Extracted records ->

____

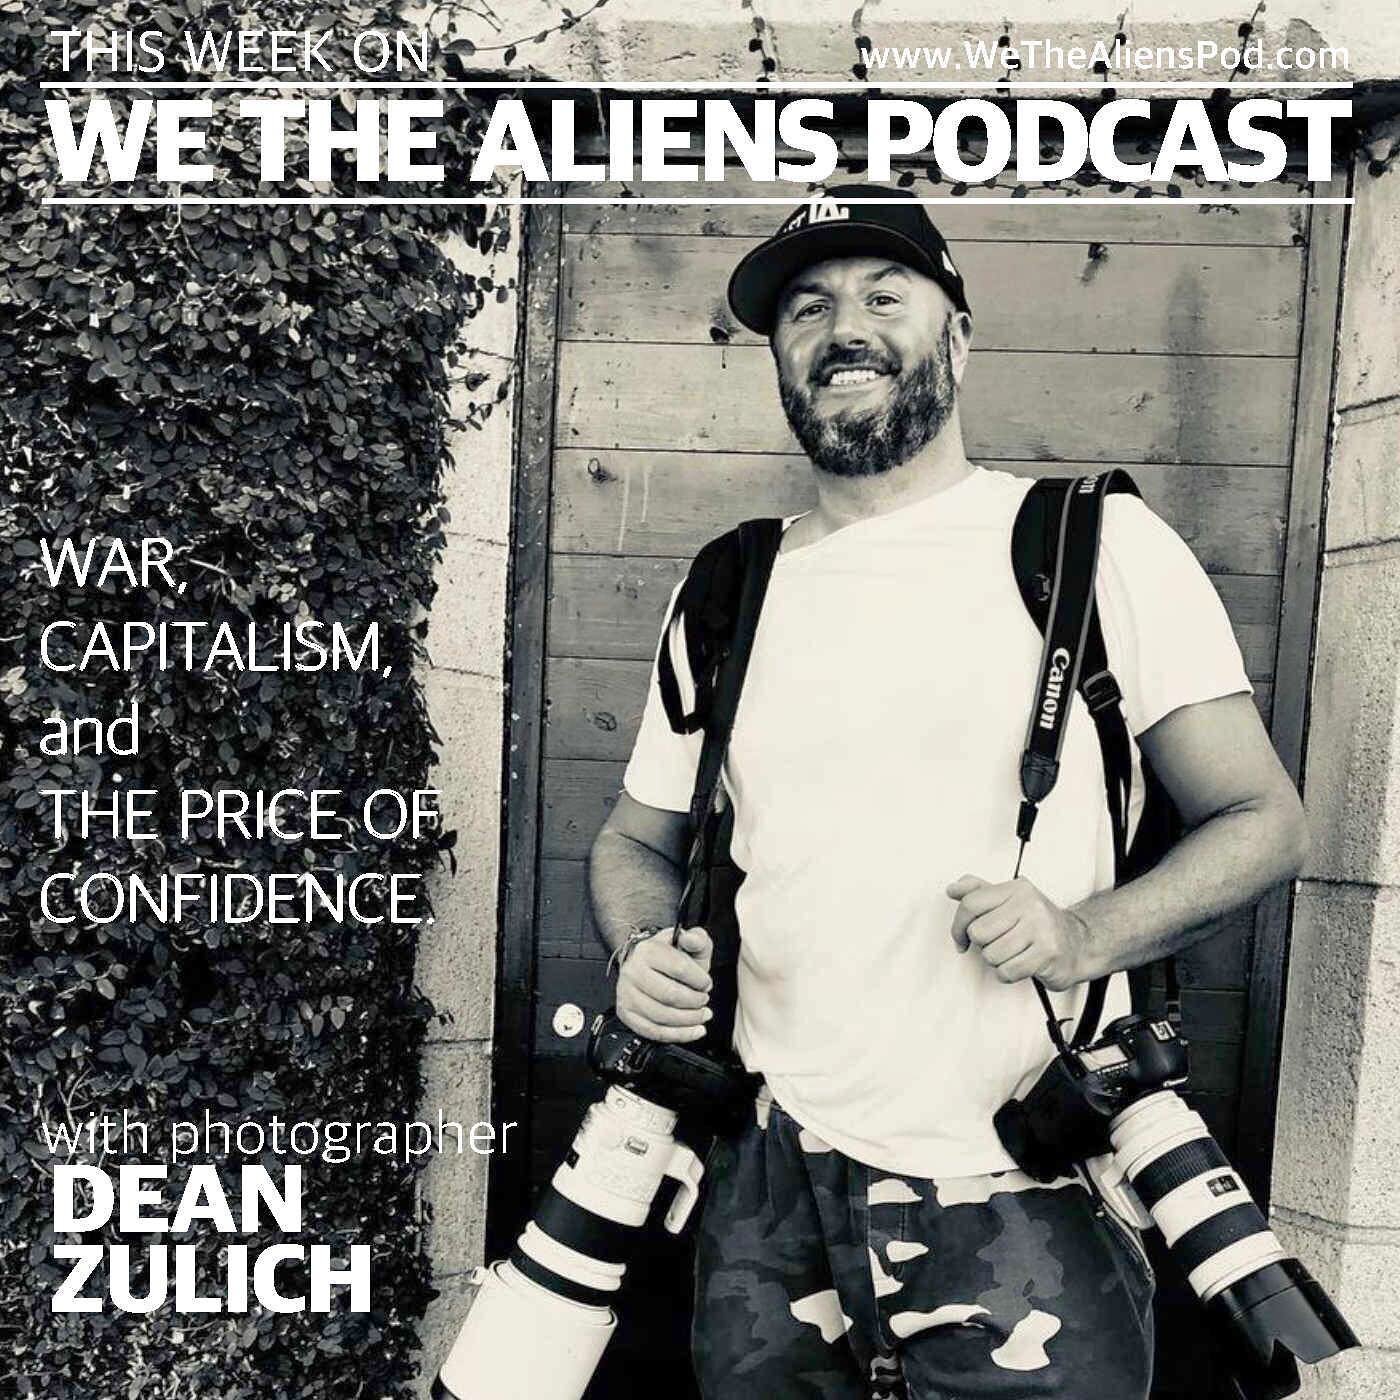 ✊ THE UNSHAKEABLE CONFIDENCE ✊
.
Dean Zulich is a rockstar photographer. Among his clients are @nike , @unitednations, @playboy, and @ESPN.
.
His work has appeared in @voguemagazine, @nytimes, @bostonglobe, and many other publications. He has travele
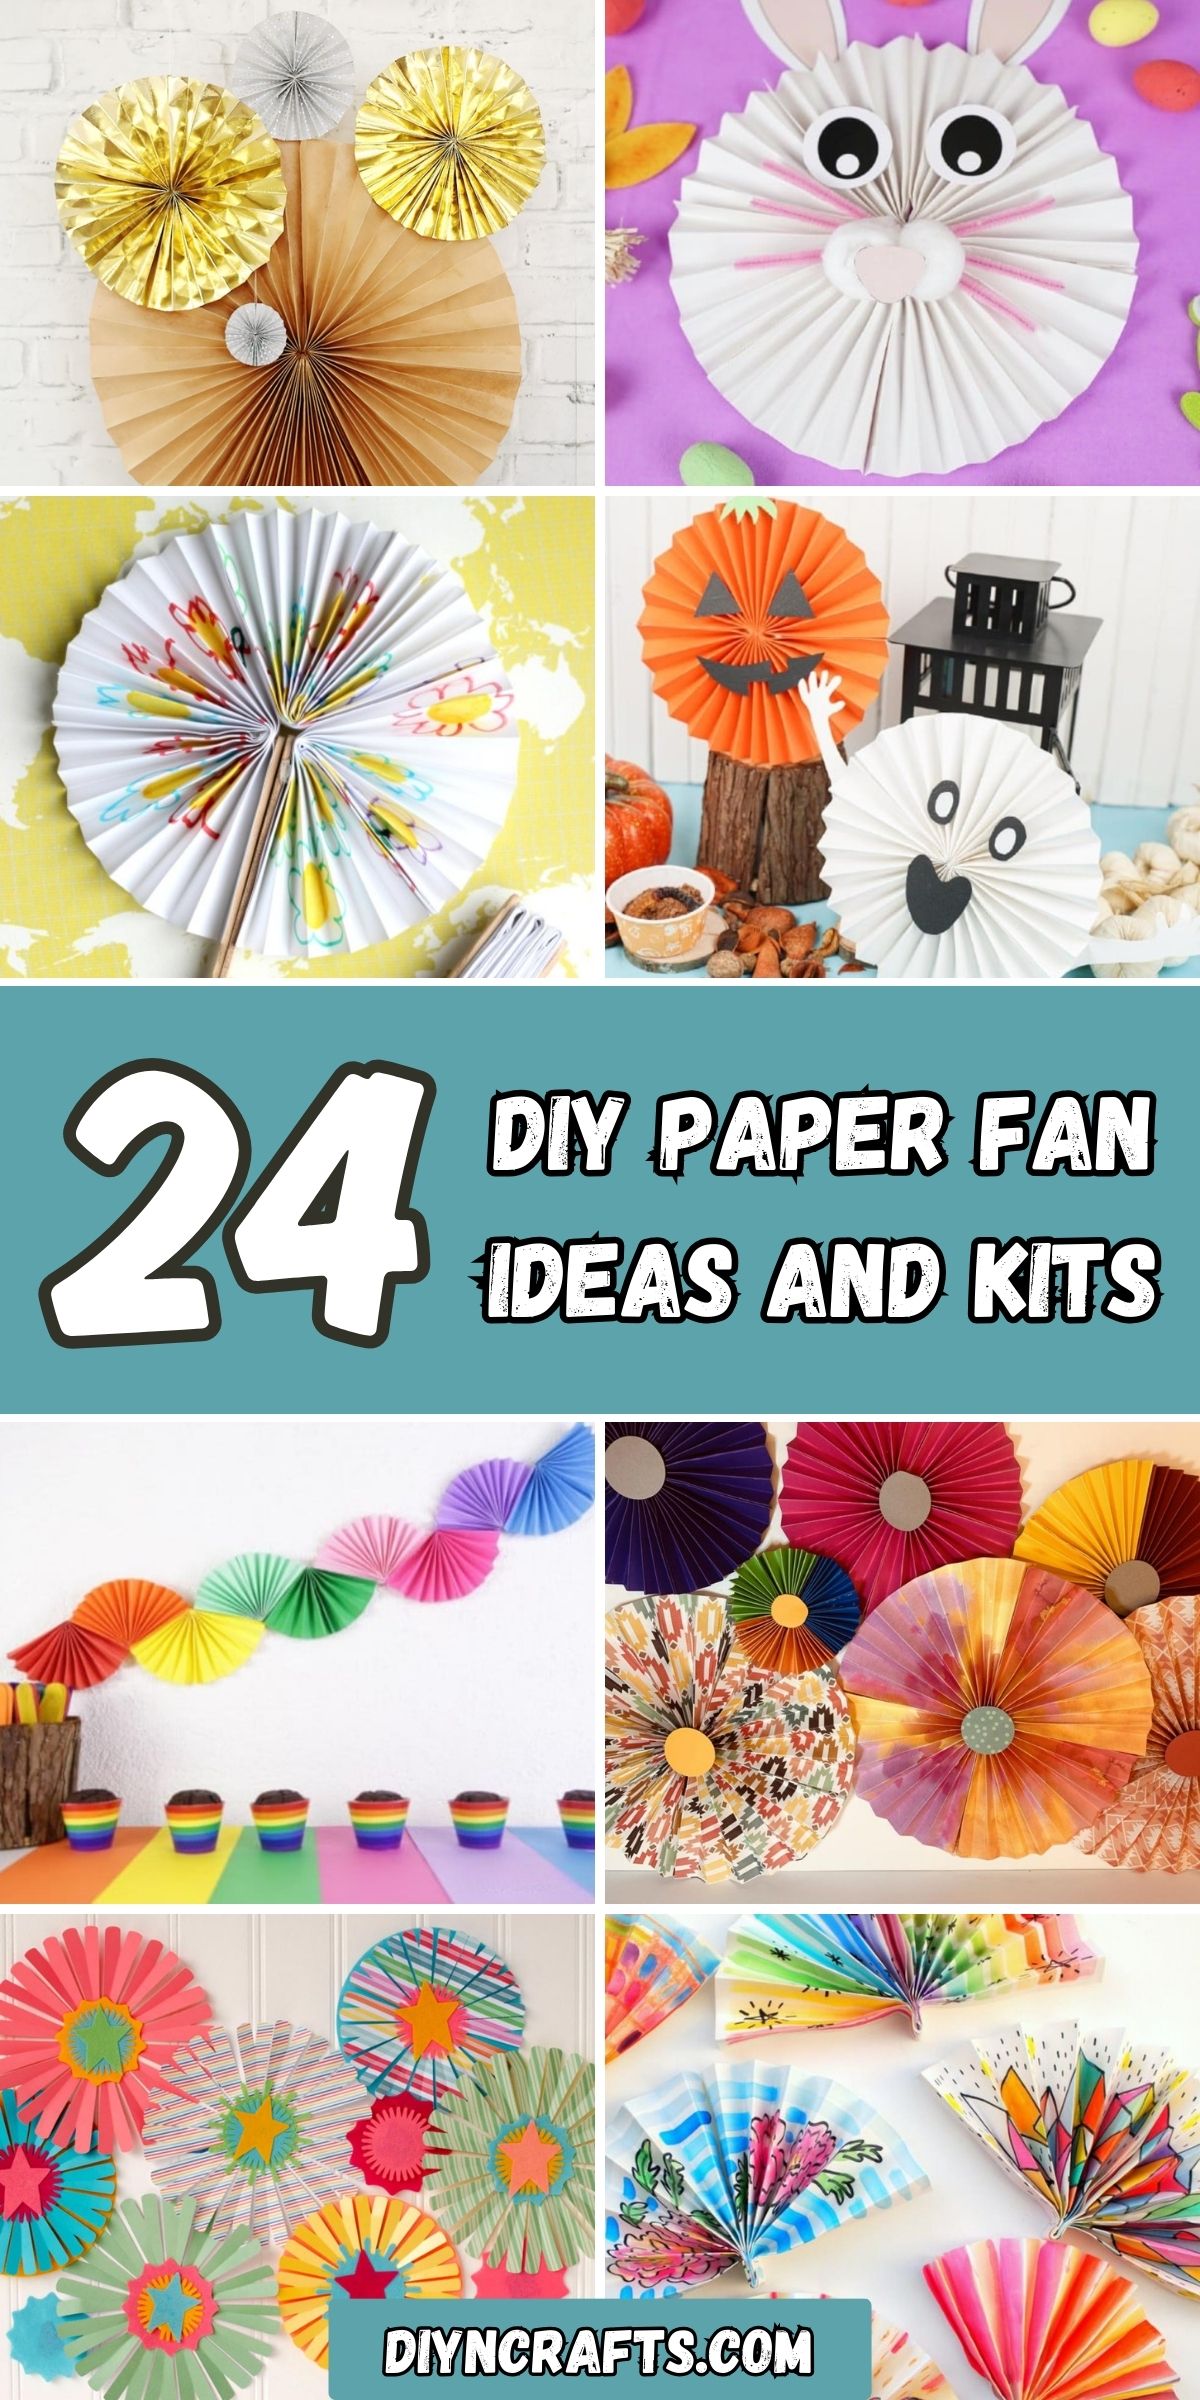 24 DIY Paper Fan Ideas and Kits collage.

____

DIRECTIONS FOR THIS TASK -> When copying, output the data exactly and leave out the pictures.

EXPECTED ANSWER ->
 ✊ THE UNSHAKEABLE CONFIDENCE ✊
.
Dean Zulich is a rockstar photographer. Among his clients are @nike , @unitednations, @playboy, and @ESPN.
.
His work has appeared in @voguemagazine, @nytimes, @bostonglobe, and many other publications. He has travele
 24 DIY Paper Fan Ideas and Kits collage.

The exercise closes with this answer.